What does retailization look like? With institutions such as UT Southwestern Medical Center in Dallas, it is reflected in a partnership with Texas Health Resources, clinics in Fort Worth and Frisco, and medical satellite locations in Las Colinas and the Park Cities, says Dr. John Warner, executive vice president for Health System Affairs at UT Southwestern Medical Center.

“More primary care and secondary care facilities, including surgical and imaging centers, are being built in neighborhoods as healthcare institutions strive to get closer to patients, he said.

“The hospitality feel will transform into a wellness feel that is proven to reduce stress, support healing, and satisfaction for all who utilize the facility.”
Jeffrey C. Stouffer, HKS Inc.

While healthcare facilities will continue to move into communities through mixed-use, retail, and home-based care, Jeffrey C. Stouffer, executive vice president and Global Director at HKS Inc., says the standalone ER market in North Texas is saturated. As a result, some locations closing, pulling back, or merging. He says consumers are becoming “more savvy and selective,” and the standalone ER market will probably continue contracting in the next few years.

Leaning on hospitality is another trend connected with area projects.

Warner cites UT Southwestern’s Clements University Hospital, opened in 2014, as an example. When planning the facility, he says there was a concerted effort to meet with hospitality industry leaders to learn what people want and expect from elements such as lobby amenities and valet parking. He says that input was instrumental in improving the patient and family experience, adding that the hospital has since received awards for patient care and satisfaction.

The hospitality focus begins at the design stage.

Rendering: Verde Center at Peachtree Campus

“HKS and other firms have been integrating a hospitality environment for years within our facility design. Going forward there will be a focus on outcomes-based design, evidence-based design and increasing value for our clients and the buildings users,” Stouffer says. “The hospitality feel will transform into a wellness feel that is proven to reduce stress, support healing, and satisfaction for all who utilize the facility.”

A construction trend gaining popularity in the healthcare sector is prefabrication and increased modularity.

Larsen says there also is an emphasis on adaptive reuse, such as taking advantage of vacancies in urban environments.
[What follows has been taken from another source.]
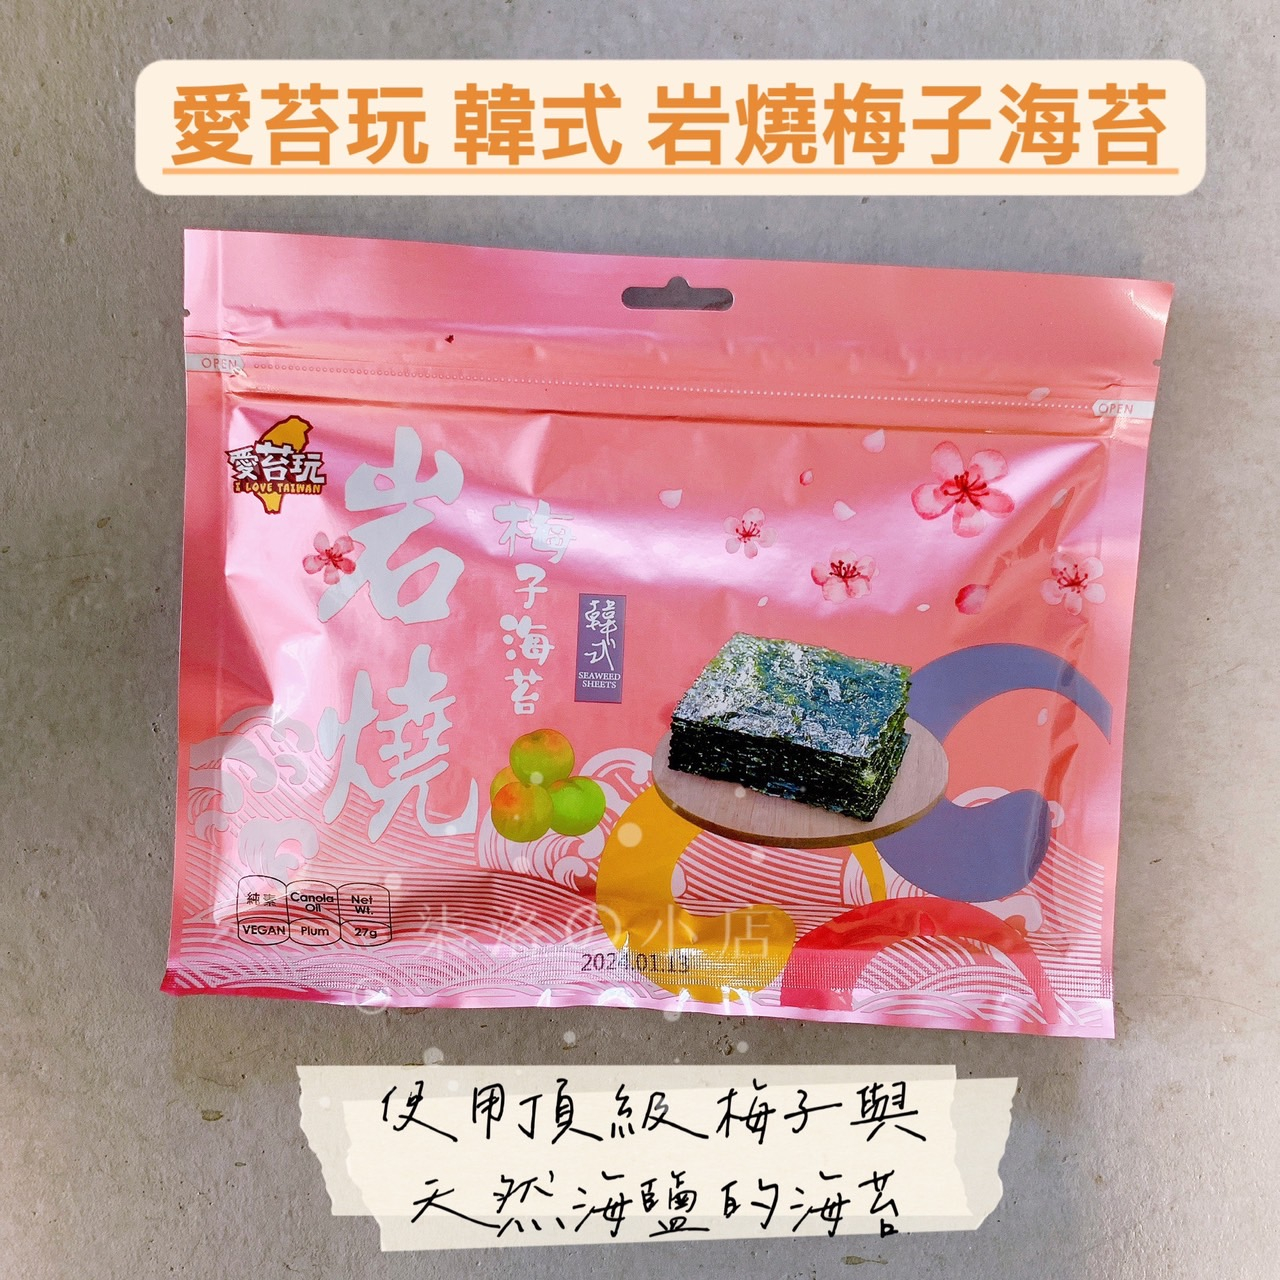 愛苔玩 韓式岩燒海苔 梅子海苔 梅子口味 27g/包 ☆ 柒洛の小店 ☆

With prefabrication, Larsen says redundant spaces can, for example, be built in a warehouse with better working conditions — and improved safety and quality — before being transported and “plugged-in.”

“This methodology works well for patient toilet rooms, patient head walls and corridor plenum sections,” she says. “On the Parkland project, BARA, our construction partner, built these items in a warehouse near the project site. This proved very effective in maintaining consistent quality throughout 862 identical toilet rooms.”

Meanwhile, Larsen says technology advances are changing the way in which patients can access healthcare.

“Wearable apps will be used more in the future to monitor chronic health issues and alert patients to access proactive care, often times virtual care, rather than waiting until they need emergency care,” she says. “As a result, we will see more patient-less healthcare facilities designed to house the clinical staff involved in the virtual visits, along with the technology necessary to support these encounters. This type of facility is a business environment and can be located where it is most convenient for the workforce, rather than the patient.”

What’s the remedy for the growing healthcare needs of North Texans? For the region’s healthcare systems and providers, involves embracing new facilities and technologies,  and the commitment to bring needed care closer to the patient.